For Countrywide, The Road Is Narrowing

To see how times have changed for mortgage bankers, look no further than Countrywide Credit Industries Inc. Just a year ago, the Pasadena (Calif.)-based company was flying high. It was the biggest originator of home mortgages in the country, riding a wave of mortgage refinancing that pushed its lending volume from $12 billion in 1991 to $52 billion in 1993.

Now, in a stunning turnabout, Countrywide is sagging badly. It faces a 32% drop in earnings, down from $179 million to $122 million for the year ending Feb. 28, 1995, according to Zacks Investment Research. Smith Barney Inc. analyst Thomas O'Donnell expects Countrywide's share of the overall mortgage market to fall from 5% in 1993 to 4% in 1994, even as the market itself shrinks over 30%.

REFI WOES. Countrywide's woes, including a 27% drop in its stock, don't seem to faze Vice-Chairman and CEO Angelo R. Mozilo, who co-founded Countrywide in 1969 along with chairman David S. Loeb. Mozilo, a Brooklyn (N.Y.) native and a high school boxer known for sartorial flash and a year-round tan, is Countrywide's primary spokesman, leaving Loeb to handle the company's finances. Mozilo plans to market mutual funds and financial-planning services through a newsletter to Countrywide's 850,000 core customers. He also intends to double to 600 his branch offices, which he predicts will give him 10% of the national market by the year 2000.

Good luck. Countrywide's past reliance on mortgage refinancings has hurt it seriously now that refinancings have slowed. In a move to boost short-term income, Countrywide in August sold rights to service $6 billion in mortgages, rights that could have proved valuable over the long haul. And despite eliminating 30% of its workforce, Countrywide's costs are falling more slowly than loan originations, says Sanford C. Bernstein & Co. analyst Jonathan E. Gray.

PRICE-WAR WOUNDS. Worse, competitors are making major inroads by offering currently popular below-market adjustable-rate loans. Mortgage banks have difficulty matching those terms. Charles R. Rinehart, chief executive of H.F. Ahmanson & Co. in Irwindale, Calif., a leading adjustable-rate lender, says Countrywide will be disappointed if it expects price competition to end soon.

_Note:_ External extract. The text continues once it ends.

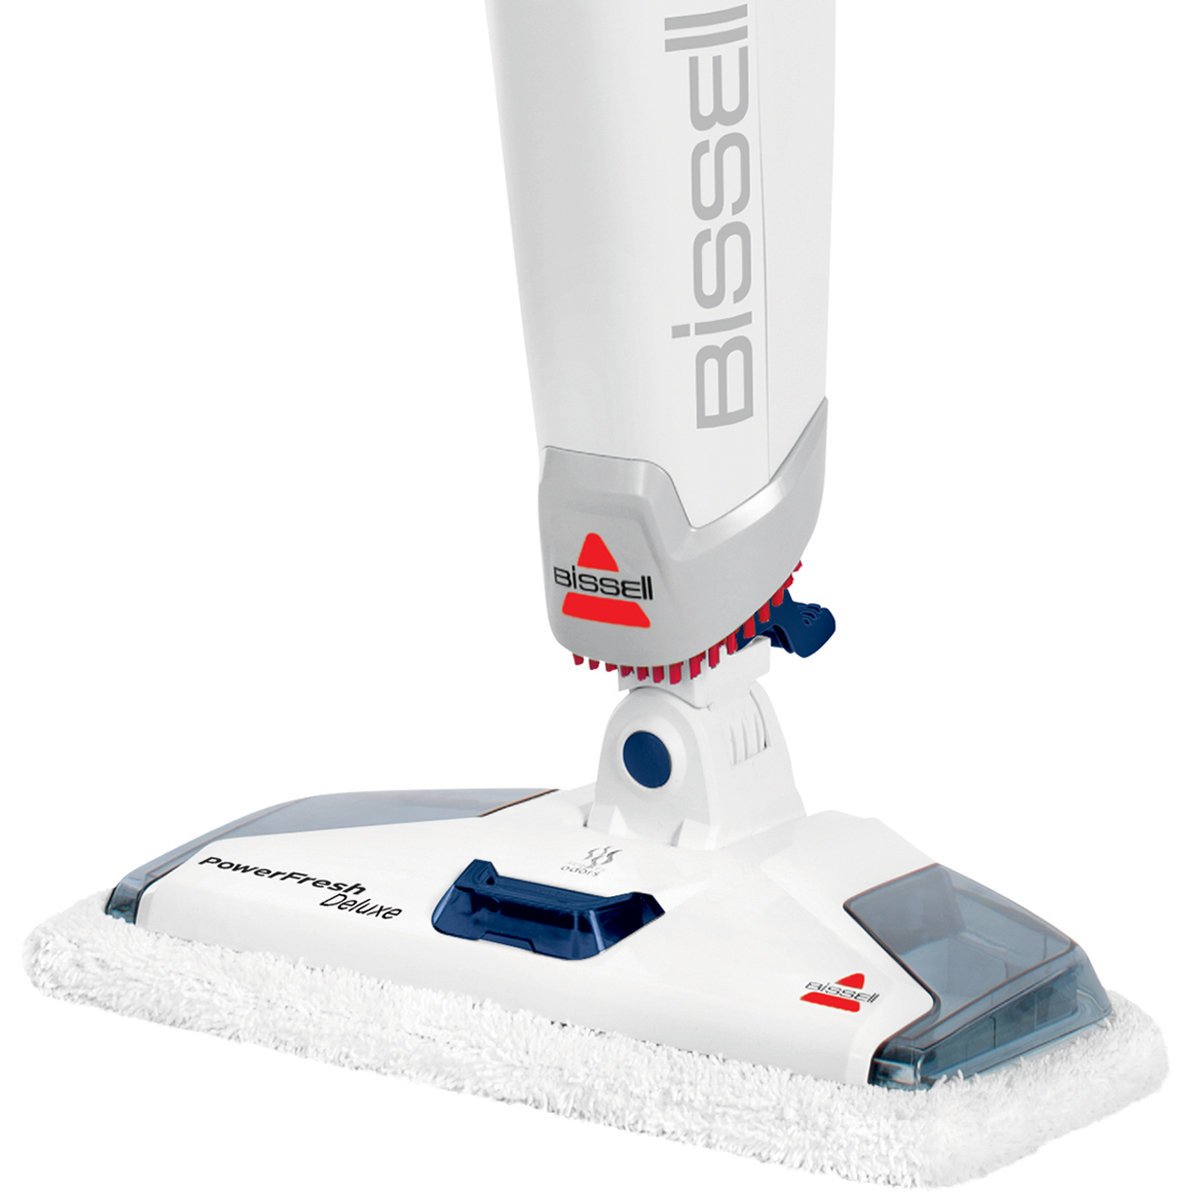 bissell powerfresh steam mop

Mozilo argues that rivals' price cutting is temporary. "There are some examples of mortgages as much as five [percentage] points below current market, which is unconscionable," he says. Many analysts do expect Countrywide to weather the current mortgage-banking slump and even generate higher earnings in 1996. But Loeb and Mozilo are about the only people who expect Countrywide to reach its 10% market-share goal. More likely, with the tide against it, the company will have to wait for the next wave of lending activity--or maybe longer--for that dream to come true.